**DATA SECTION**.
# # # # #
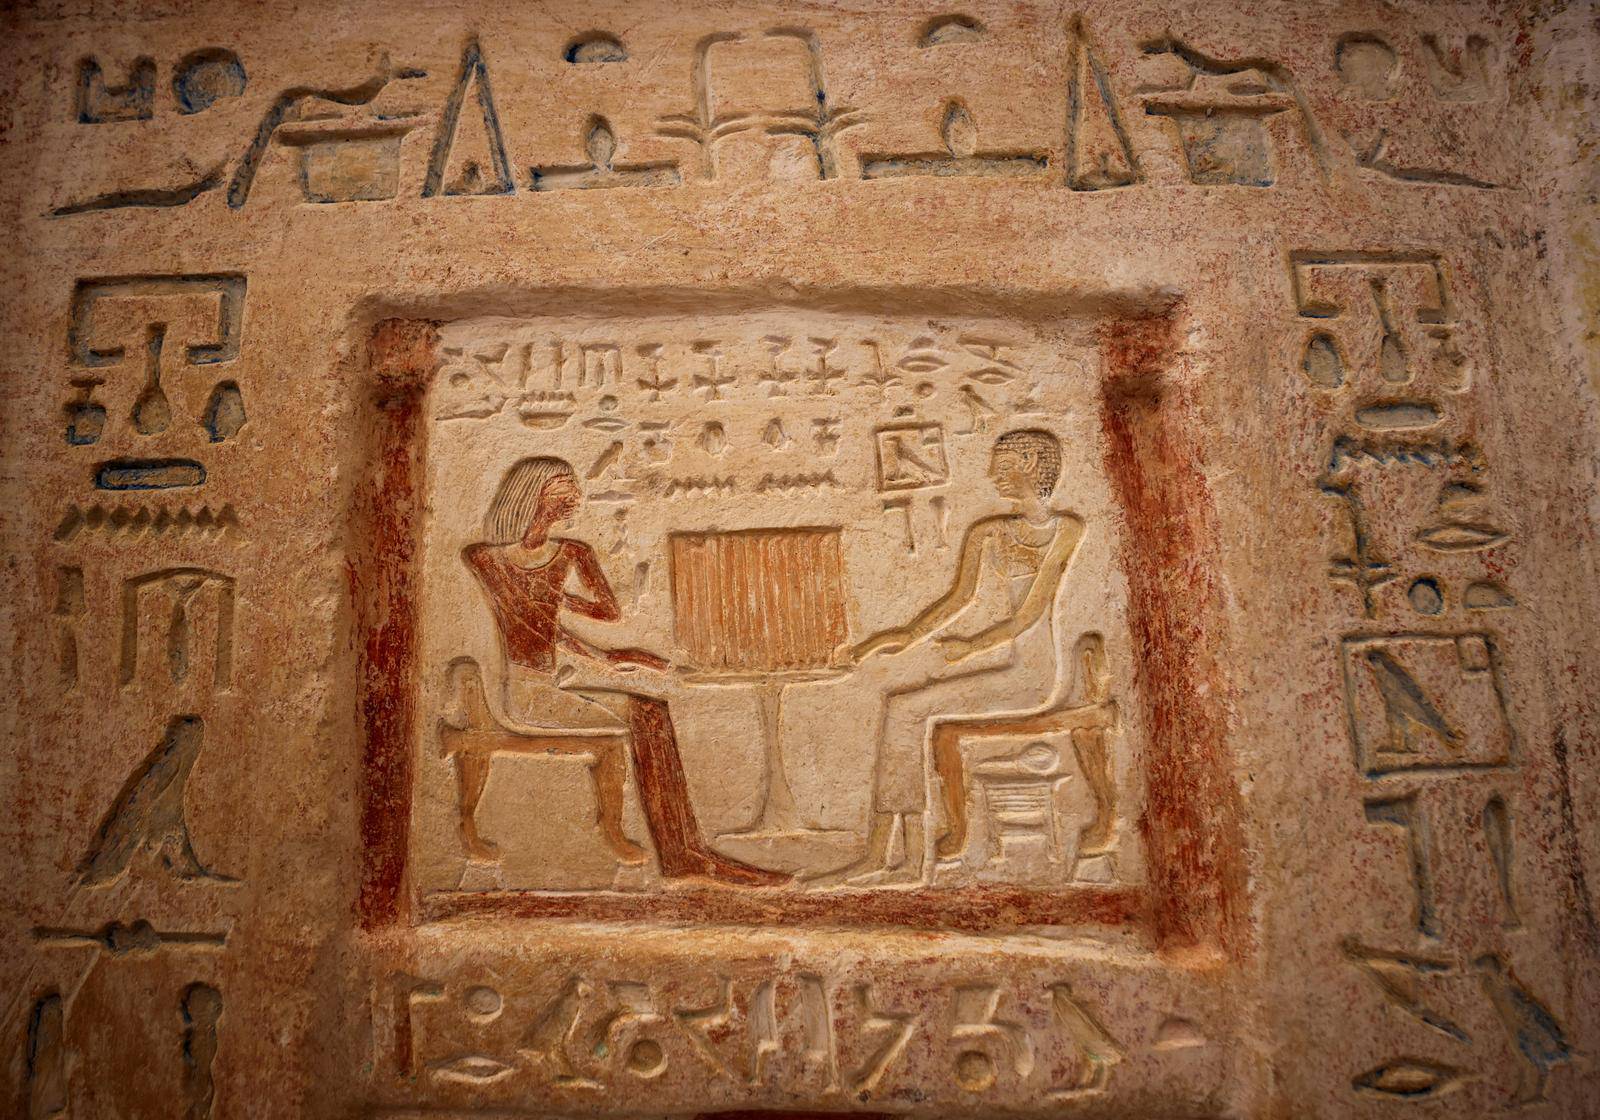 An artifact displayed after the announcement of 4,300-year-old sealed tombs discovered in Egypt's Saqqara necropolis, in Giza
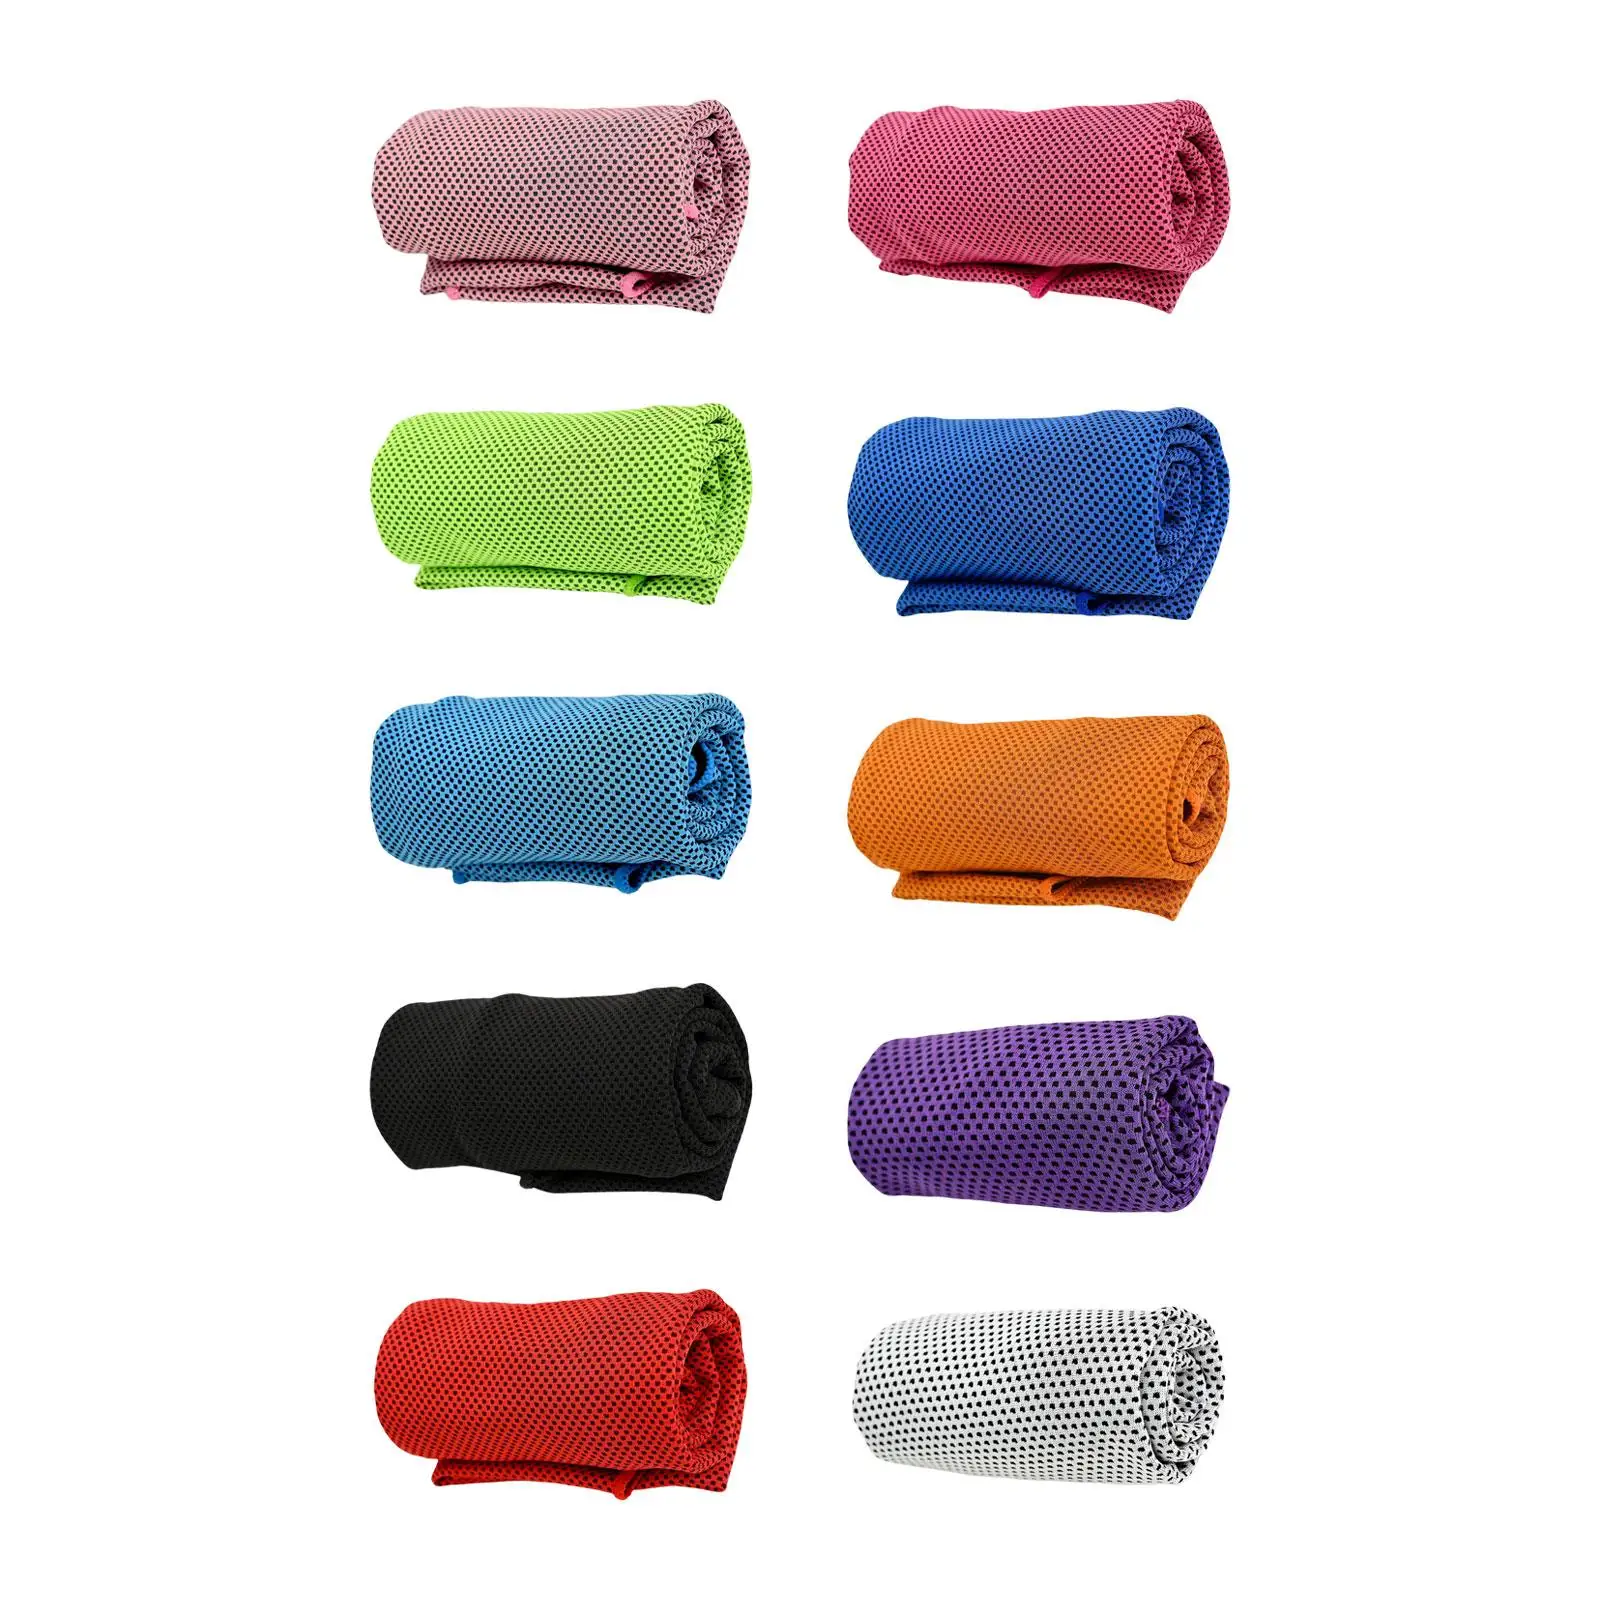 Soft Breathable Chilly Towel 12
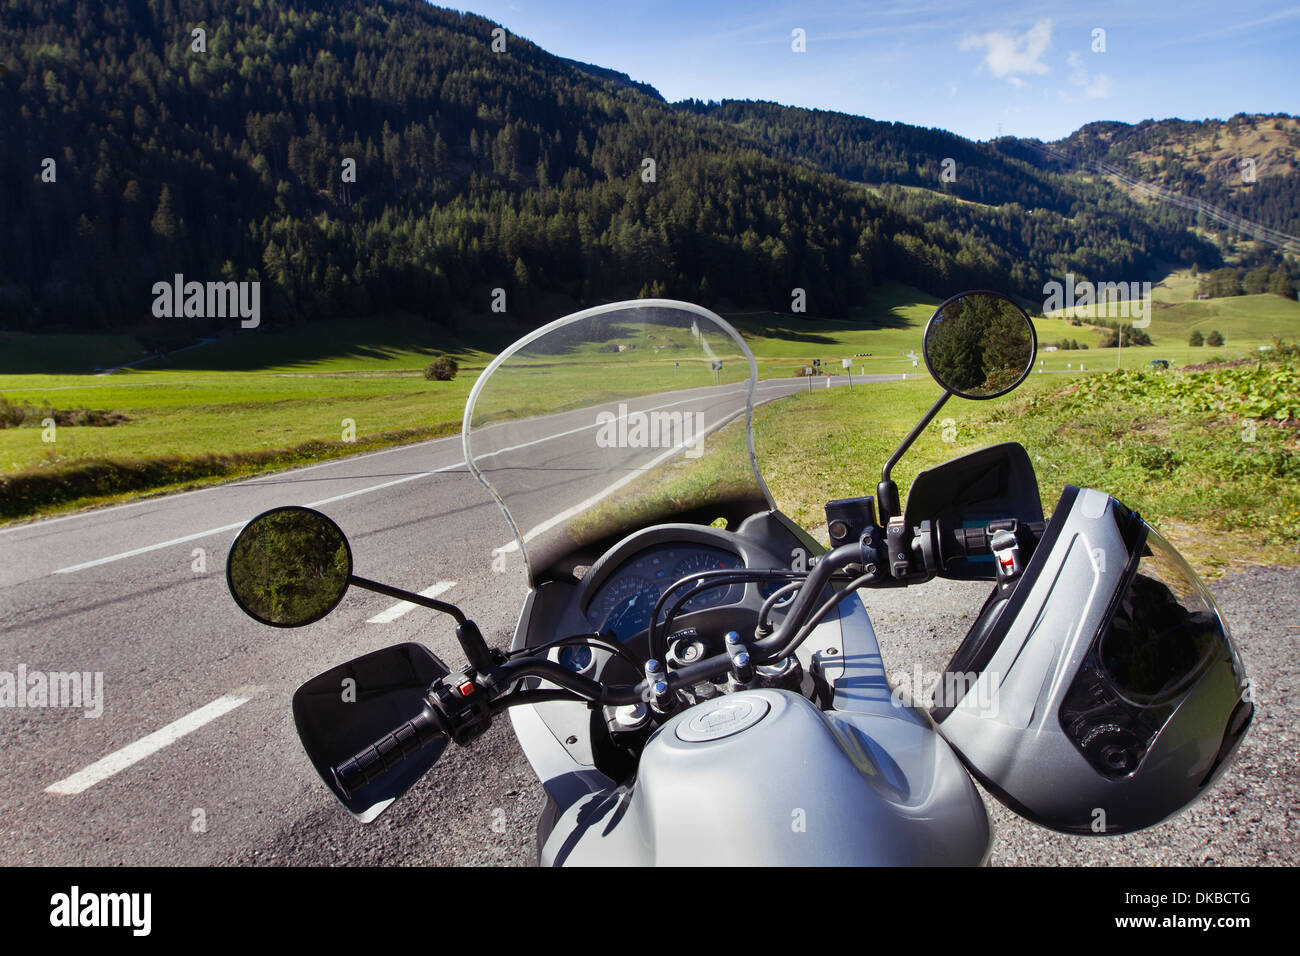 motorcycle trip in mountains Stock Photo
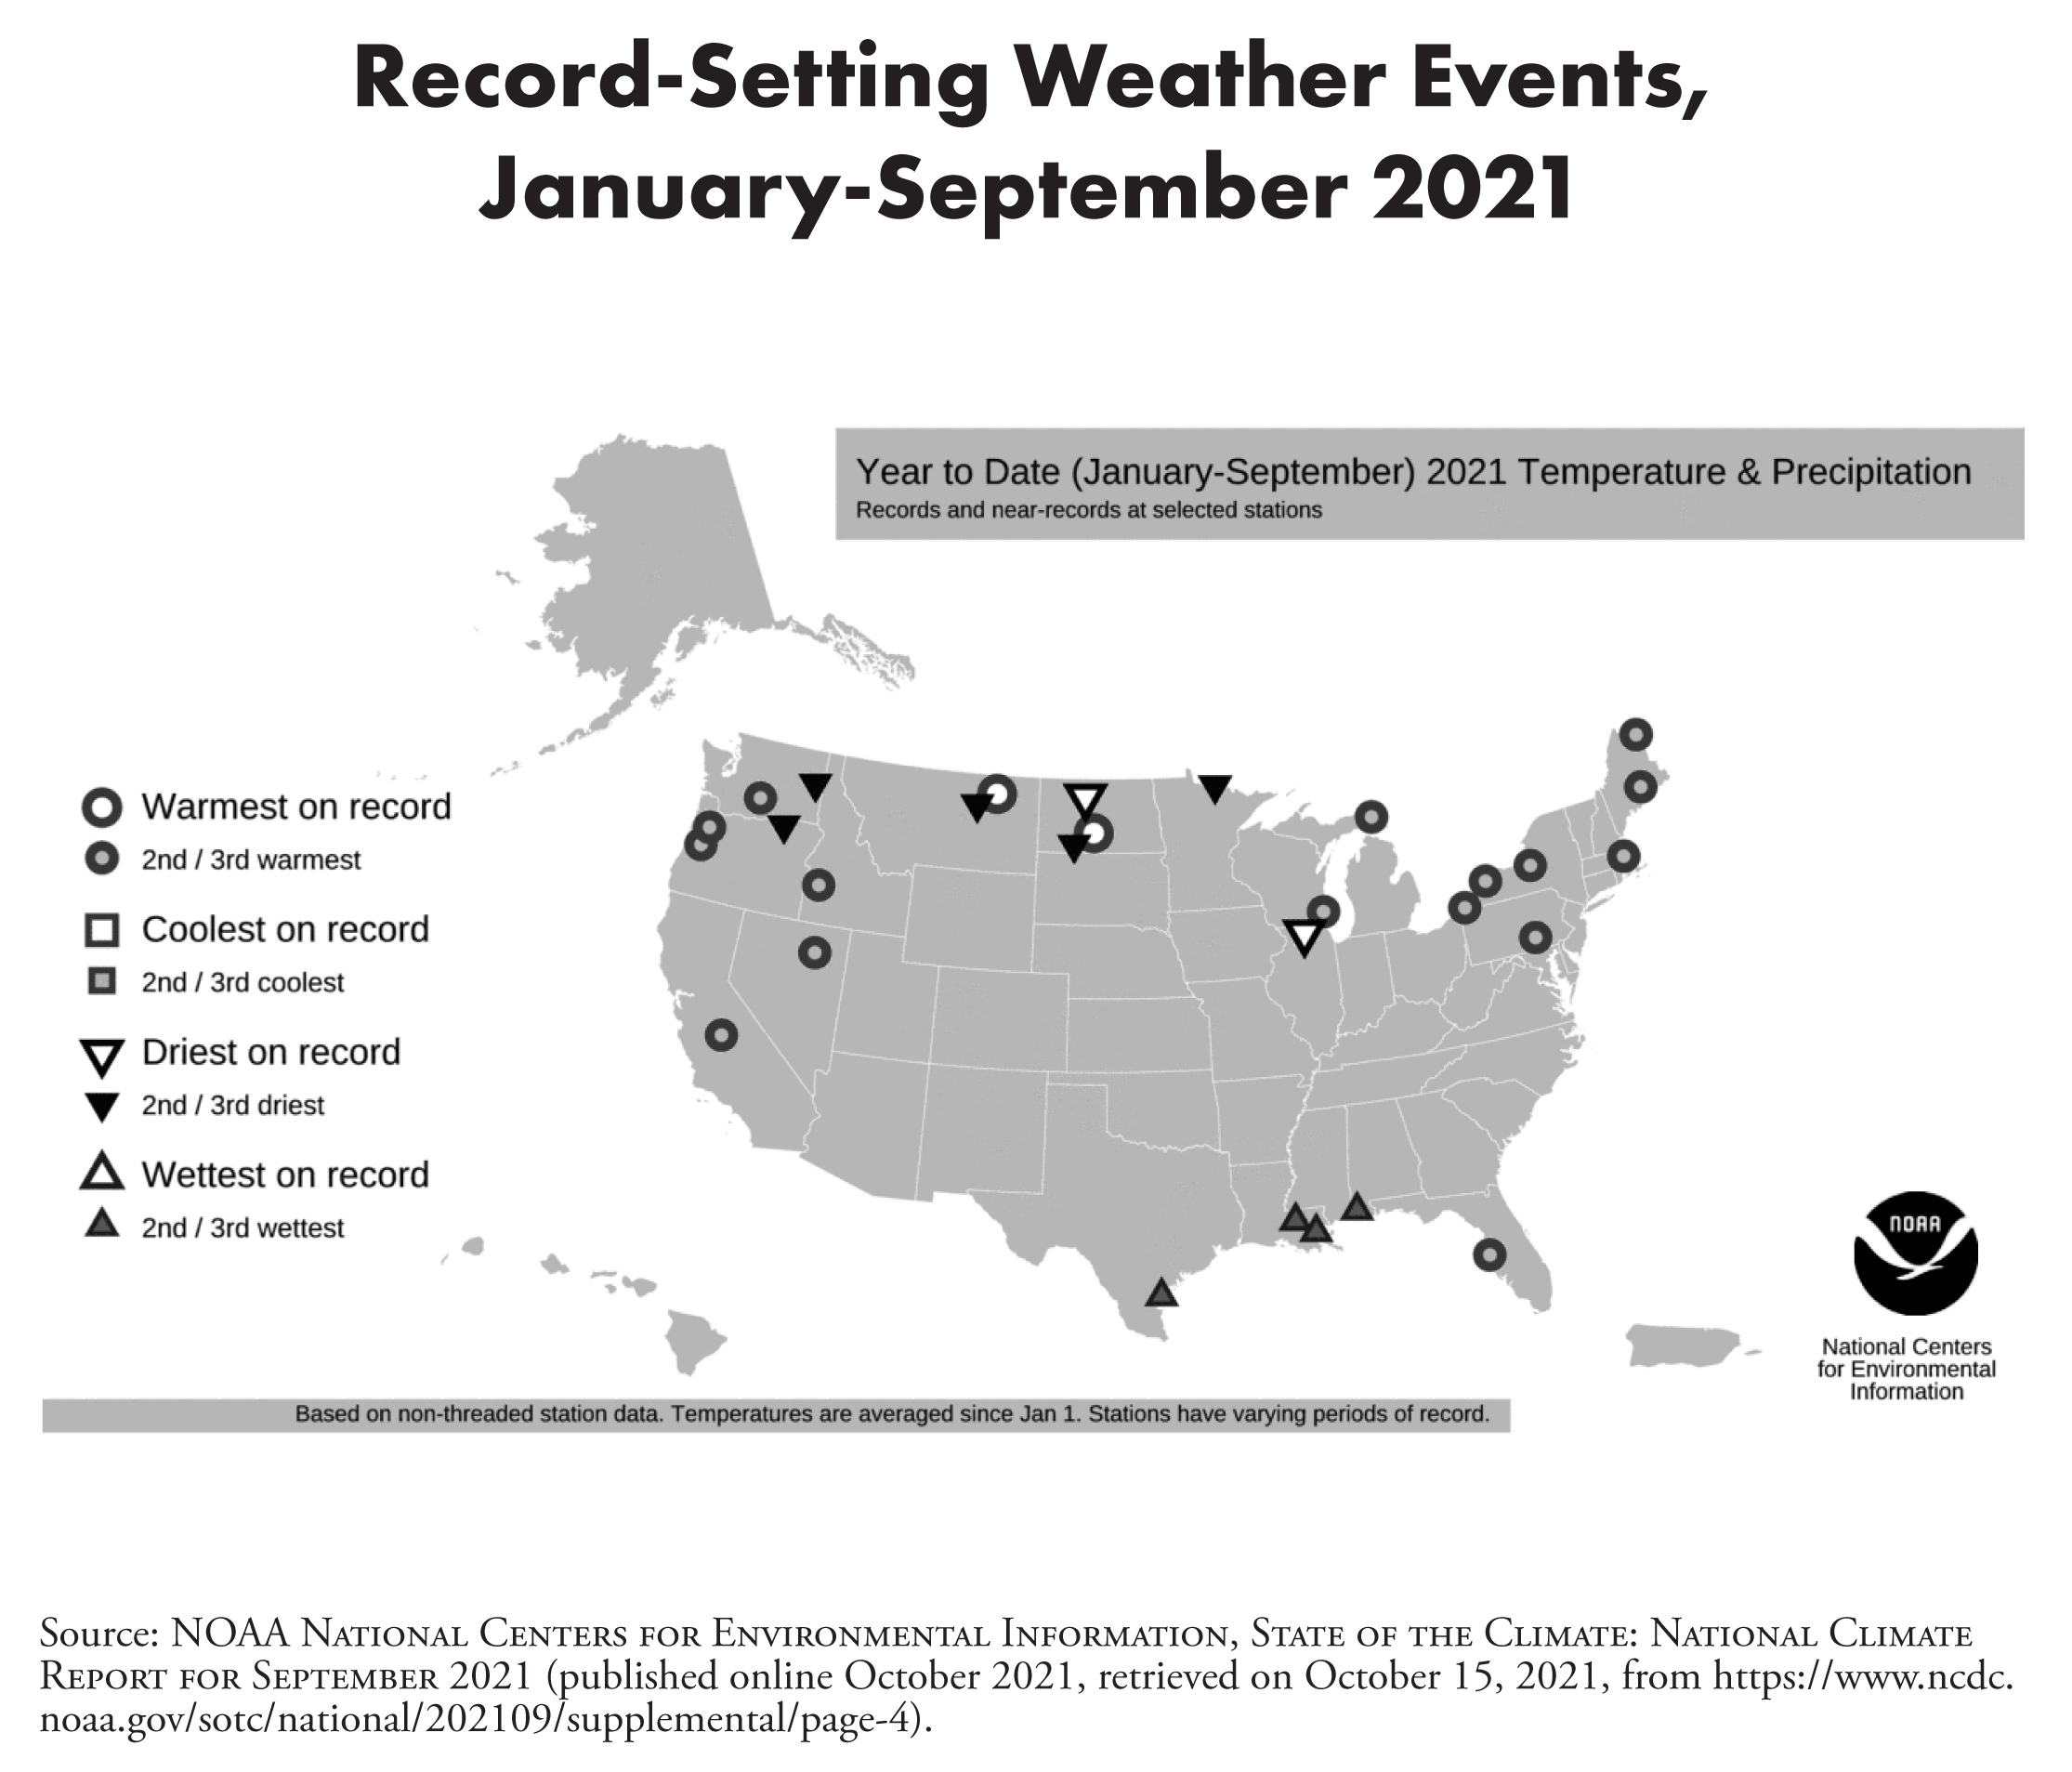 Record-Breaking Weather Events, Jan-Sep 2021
# # # # #
**INSTRUCTIONS FOR THE TASK**. Print every line of the data exactly. Pictures do not belong in the copy.

**ANSWER**.
 An artifact displayed after the announcement of 4,300-year-old sealed tombs discovered in Egypt's Saqqara necropolis, in Giza
 Soft Breathable Chilly Towel 12
 motorcycle trip in mountains Stock Photo
 Record-Breaking Weather Events, Jan-Sep 2021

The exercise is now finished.